Yok ben senin güzel sözlerini kastetmemiştim. Sana teşekkür etmek istiyordum, ama bunu sırf güzel sözcüklerle yapmak, yetersiz ve yapay hissettirecekti bana, dediğim buydu.

Yakında, canlı, live, en vivo :)... burada, biraz bekleteceğim, yıllar sonra bir şey deniyorum yeniden. Nasıl olacak ben de bilmiyorum şimdiden.

deeptone dedi ki...

silencio.

bişi sölemeyim.
anla.
hisset.

silencio dedi ki...

Evet, burada, elimin durduğu yerde hem de...

deeptone dedi ki...

gerçekten mi.

uff bak şimdi, sana güvenip, yazıcam.

elbette yüreğinde olsun önce.
yüzünde, saçında. stop.

silencio dedi ki...

Gece 12 'yi geçti değil mi ? Yine şiirdeki gibi; "Gece 12 den sonra bütün içkiler şaraptır" demiş ya Cemal Süreya, benim de ellerim yüreğimde duruyor hep bu saatten sonra.

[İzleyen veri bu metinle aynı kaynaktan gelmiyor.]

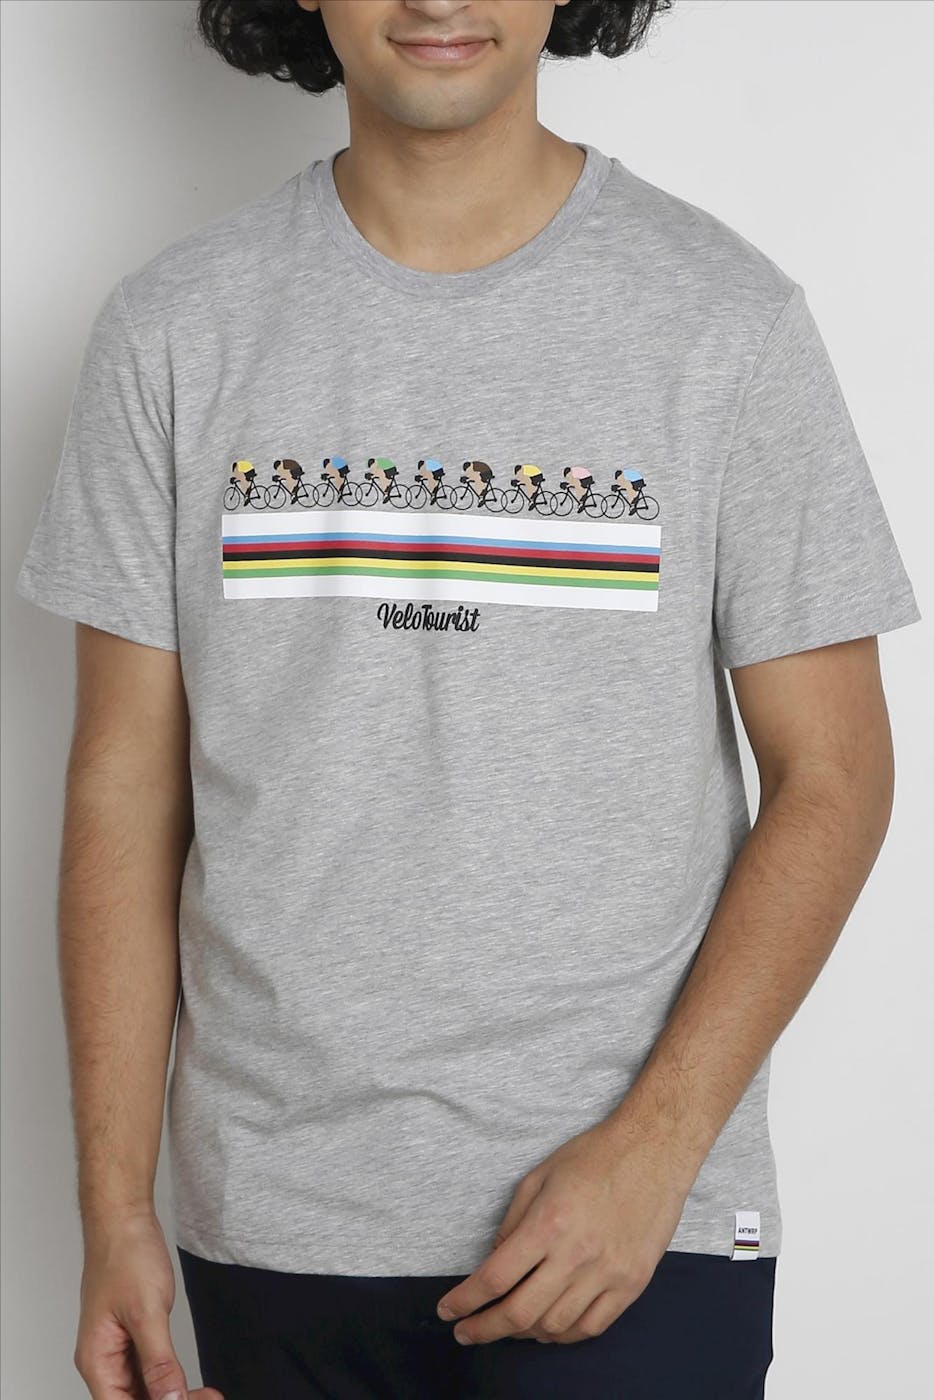 Antwrp - Lichtgrijze UCI Velo Tourist T-shirt
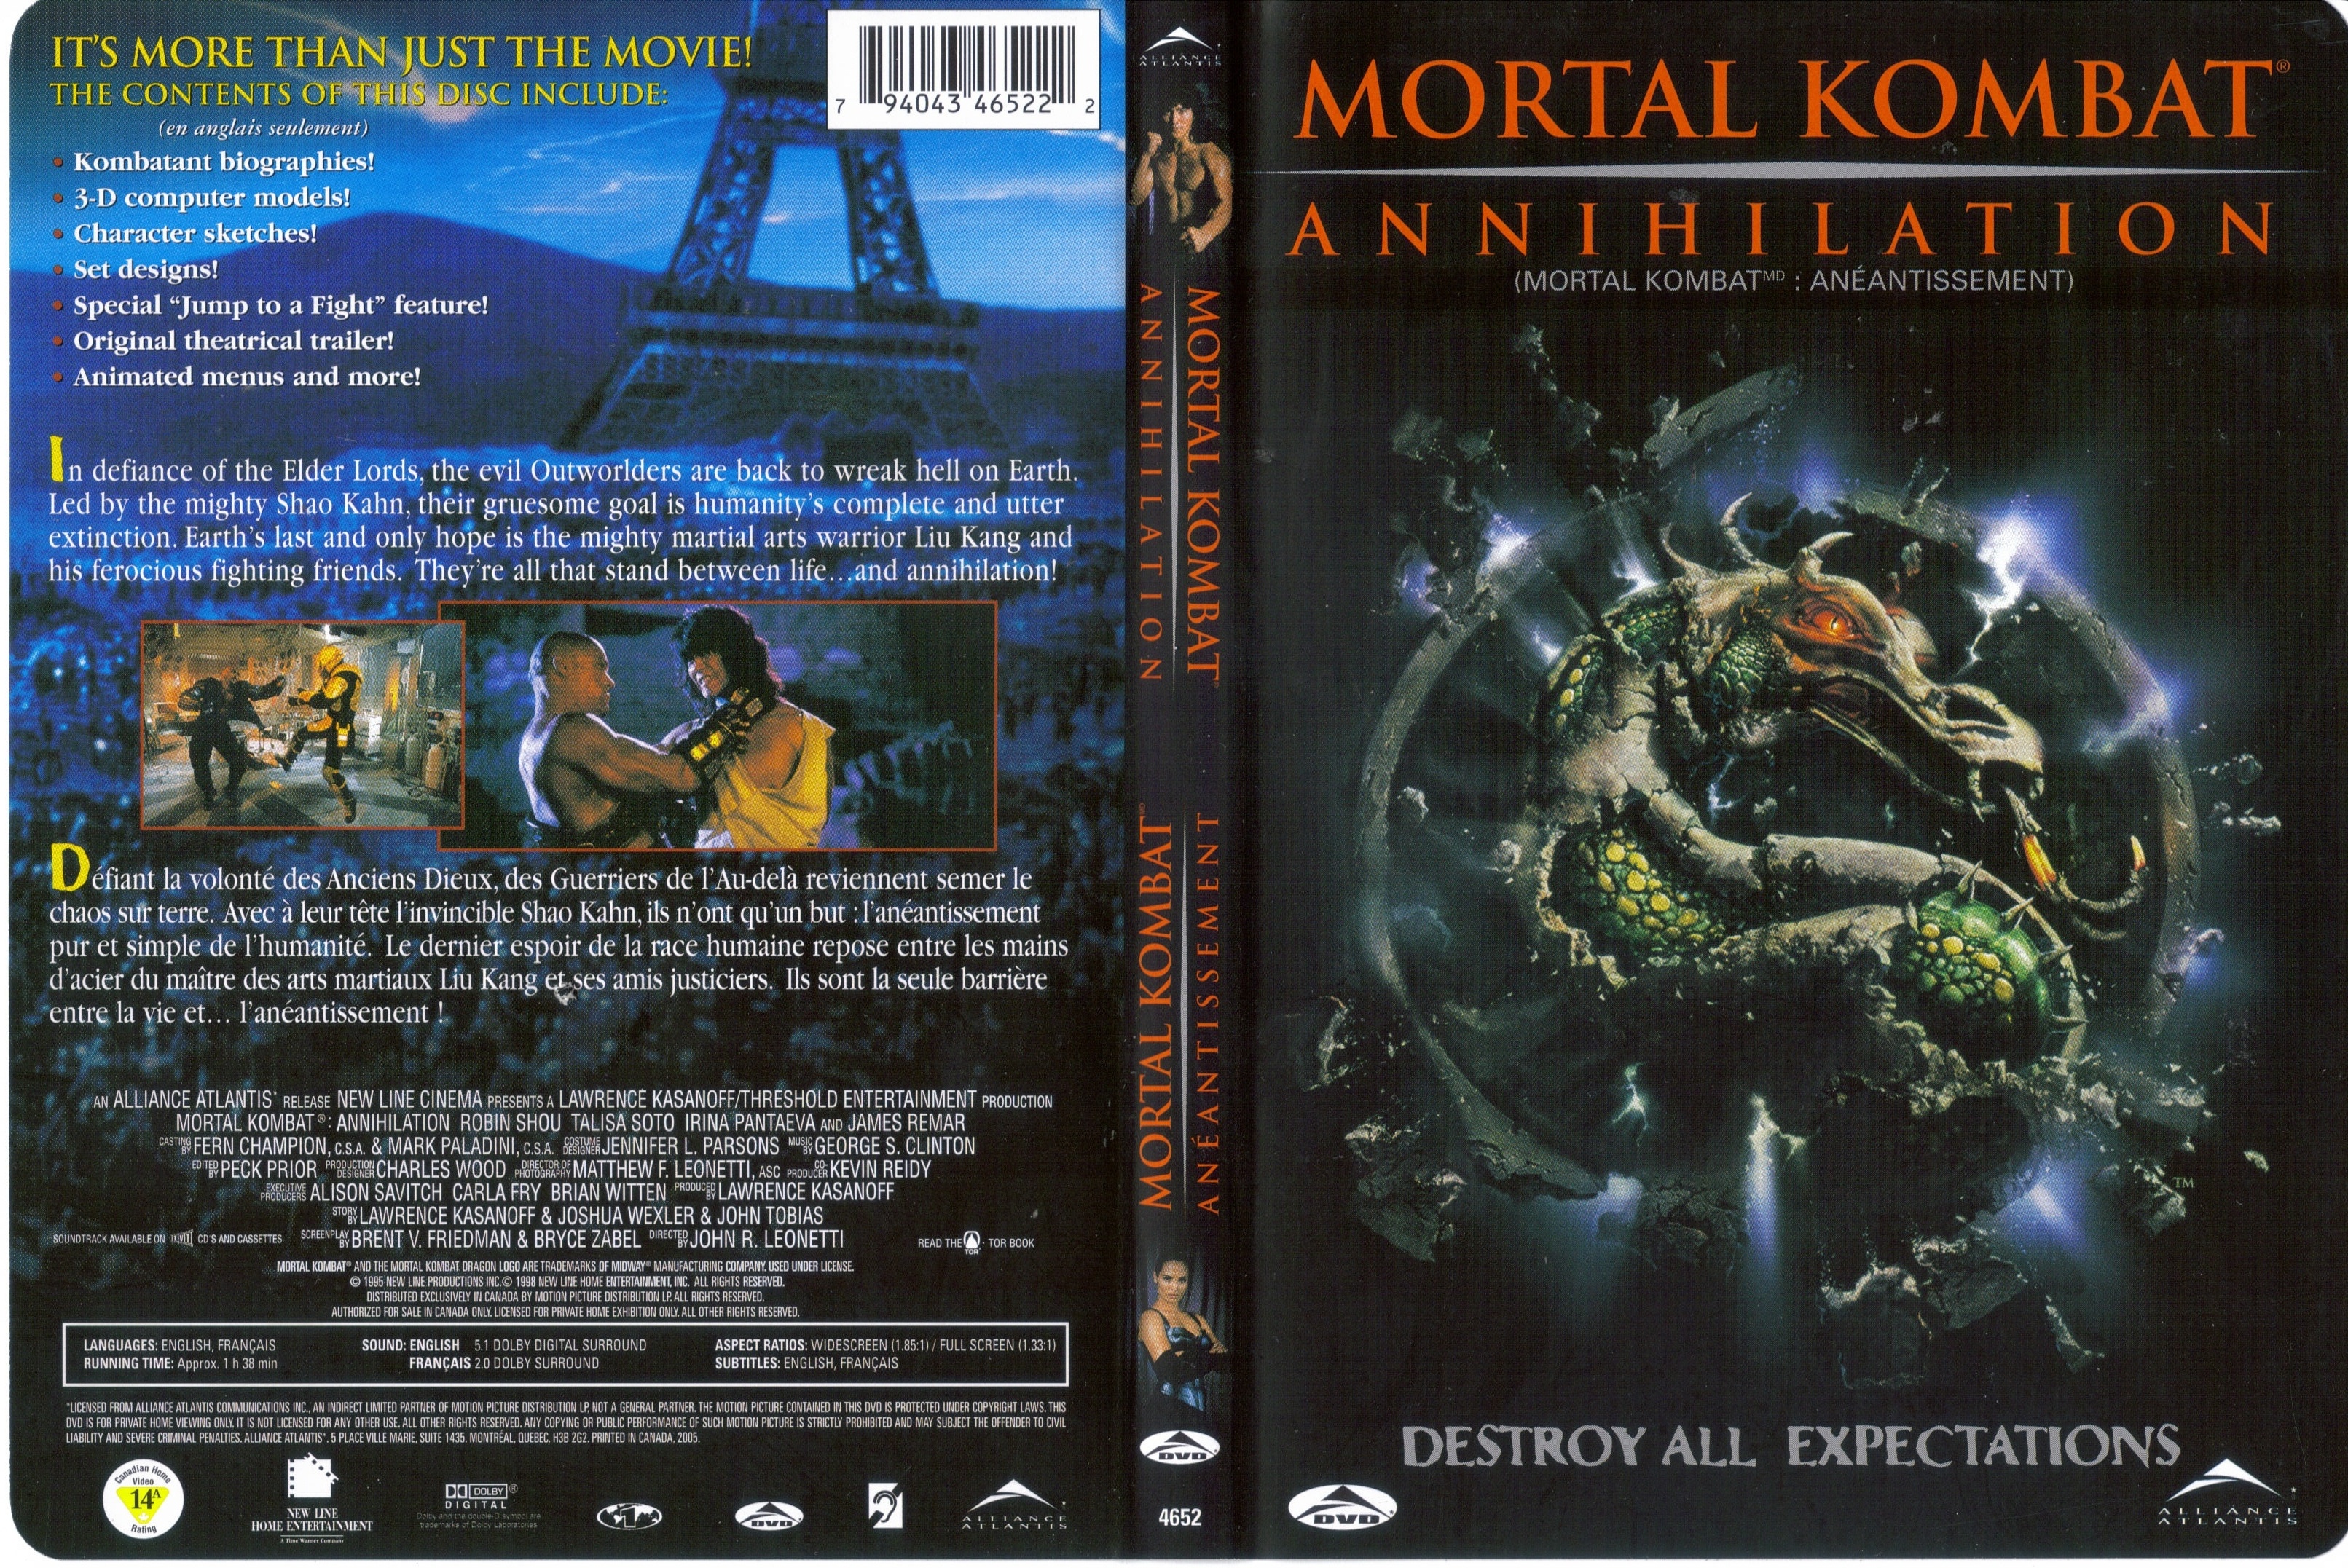 Jaquette DVD Mortal Kombat 2 - anantissement (Canadienne)

Geçenlerde uzun uzun yazmıştım bir arkadaşıma. "İçimden bir mavi renk koptu" demiştim bir yerinde. Bana gökkuşağı adını koymuştu, bu yüzden onla dertleşebiliyor, konuşabiliyordum tek.

Şimdi bu gecenin son sözleri olsun; o kopup giden mavi rengi bulmuş gibiyim. Nereden geldin Sen ? Varsın işte, ne iyi.Uyuyabilirim artık uzun bir yoldan yorgun dönülen o ilk gecede olduğu gibi.

deeptone dedi ki...

tüm yazılarımın izleği mavidir. mavi derin. derin mavi. cemalim ha :)

mavi renk. üfff. hadi uyu. huzurla.

Adsız dedi ki...

Merhaba,

sizden izin almadan çok beğendiğim bu şarkı ve çeviriyi bloğumda paylaşmış bulunuyorum...

Umarım rahatsızlık vermemişimdir.

bu konuyla ilgili görüşünüz her ne olursa olsun, teşekkür ediyorum...

selamlar...

silencio dedi ki...

Buradaki her şeyi istediğiniz gibi paylaşabilirsiniz, çok önemi olmayan, basit şeyler ve zaten paylaşmak amacı ile buradayız. Rahatsızlık ne kelime, ben teşekkür ederim, kişisel alanınızda paylaşmaya değer bulduğunuz için. Sağlıkla kalın.